Does this expression come in isolation, for example as the entire content of an input field? If so then yes, use the anchors
^[+-]?\d{1,5}(\.{0,4})?$
If it can also come in mid-text, then things get more complicated. I assume you've already got code to strip away leading and trailing blanks, including spurious line breaks.

{1-5}+ <snip> {0-4}*

I know the RegEx engine in JavaScript has some quirks, but to me this just looks like a mistake. Either +* or {number-range in brackets} but not both; they're mutually exclusive.

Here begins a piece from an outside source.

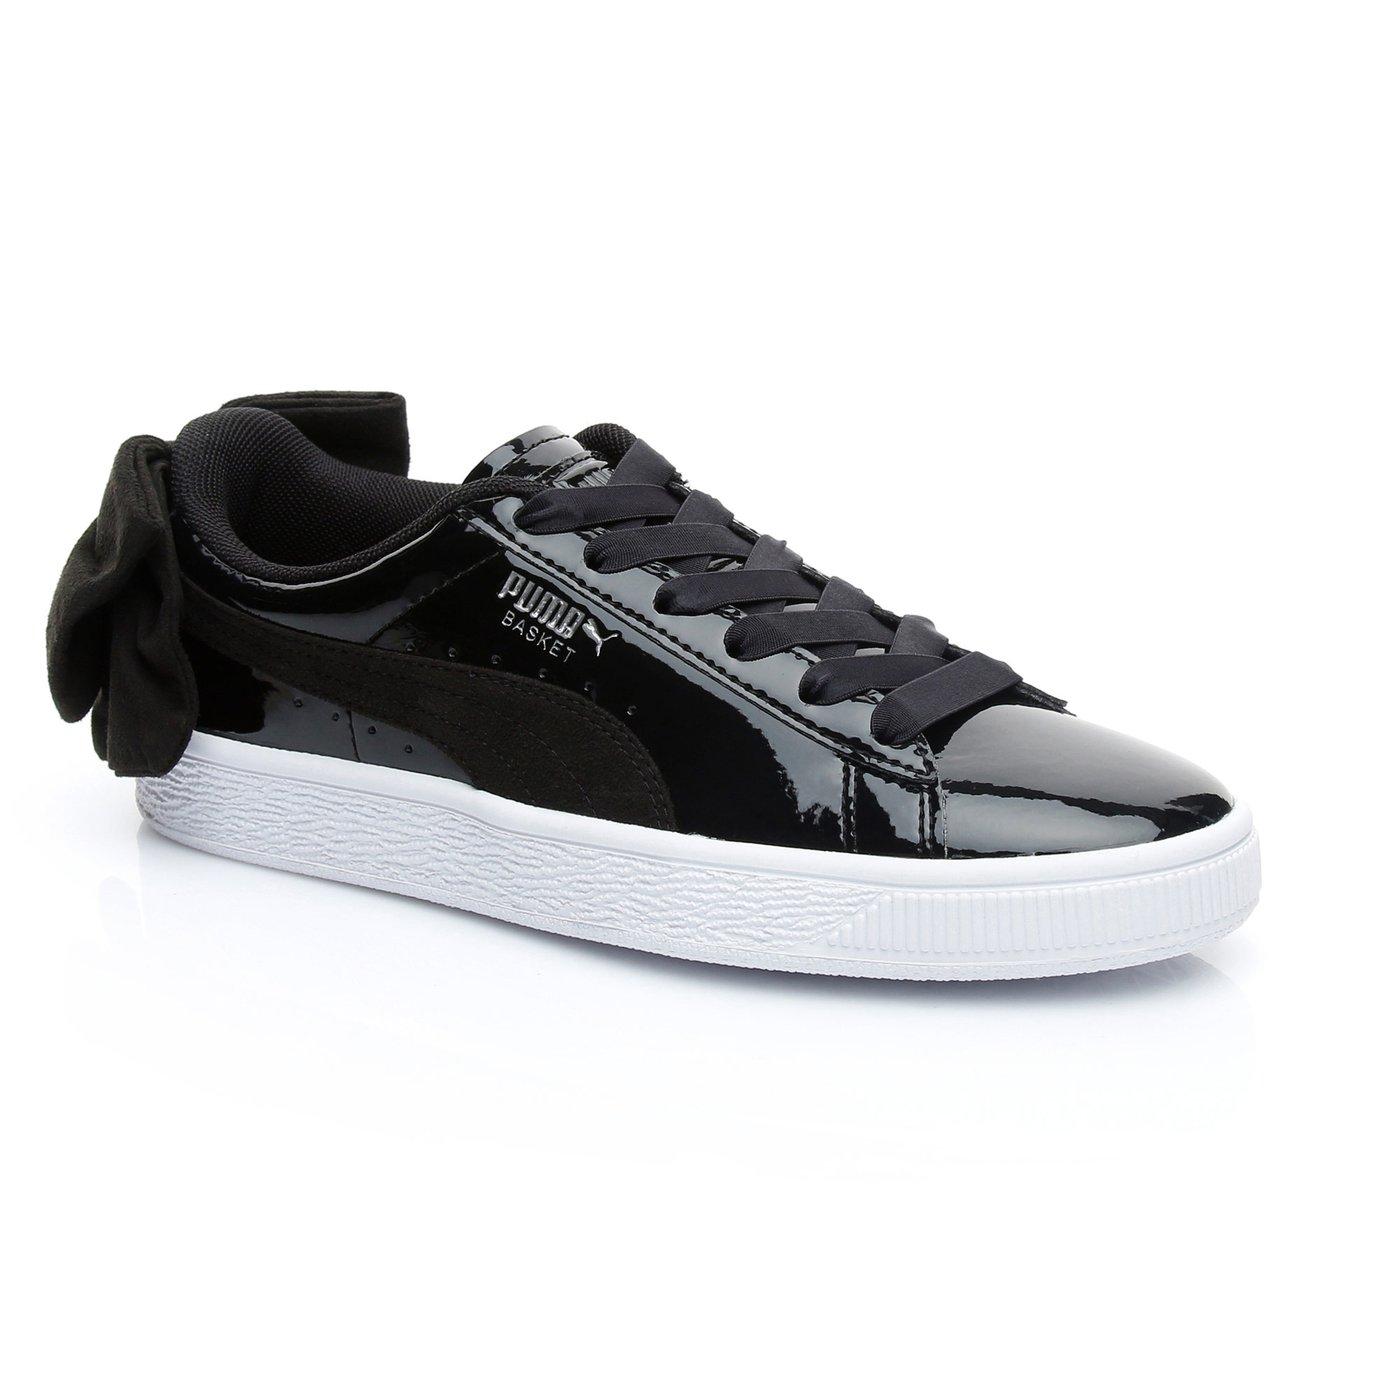 Puma Basket Bow Kadın Siyah Sneaker

Could there legitimately be 0 digits before the period, like ".314"? If so, you need to add the option for \.\d{1,4} alone, non-optional. But we won't worry about that unless we have to.

Gowri pandiyan

5:31 am on May 11, 2016 (gmt 0)

10+ Year Member



Thanks a lot for your suggestions which would really help me improvise my code!

Gowri pandiyan

10:58 am on May 11, 2016 (gmt 0)

10+ Year Member



Thanks Lusy for your help! I have one more doubt on regression pattern mentioned below.

/^\d{5}$/

I don't want to allow "00000" to be entered while restricting 5 digits with above code. Is there any way to restrict it?

lucy24

6:36 pm on May 11, 2016 (gmt 0)

WebmasterWorld Senior Member 10+ Year Member Top Contributors Of The Month



You can get rid of leading zeros either by pre-editing the input (ignore leading/trailing zeros* just as you'd ignore leading/trailing whitespace) or within the Regular Expression:

^0*[1-9]\d{0,4}(\.\d{0,4})?$
or
^0*[1-9]\d{0,4}$

(depending on whether you've still got the four-decimal-places business, or something else now). This means: Ignore leading zeros, if any; one non-zero character; from 0 to 4 additional numeric characters with any value. The total input length might be more than 5 characters, but I don't suppose it matters, as long as the significant part is no more than 5 total. (If it does matter, it gets more complicated, because there will be five possible patterns.)


* Yes, I realize that "2.5" is not necessarily the same thing as "2.5000". It all depends on context.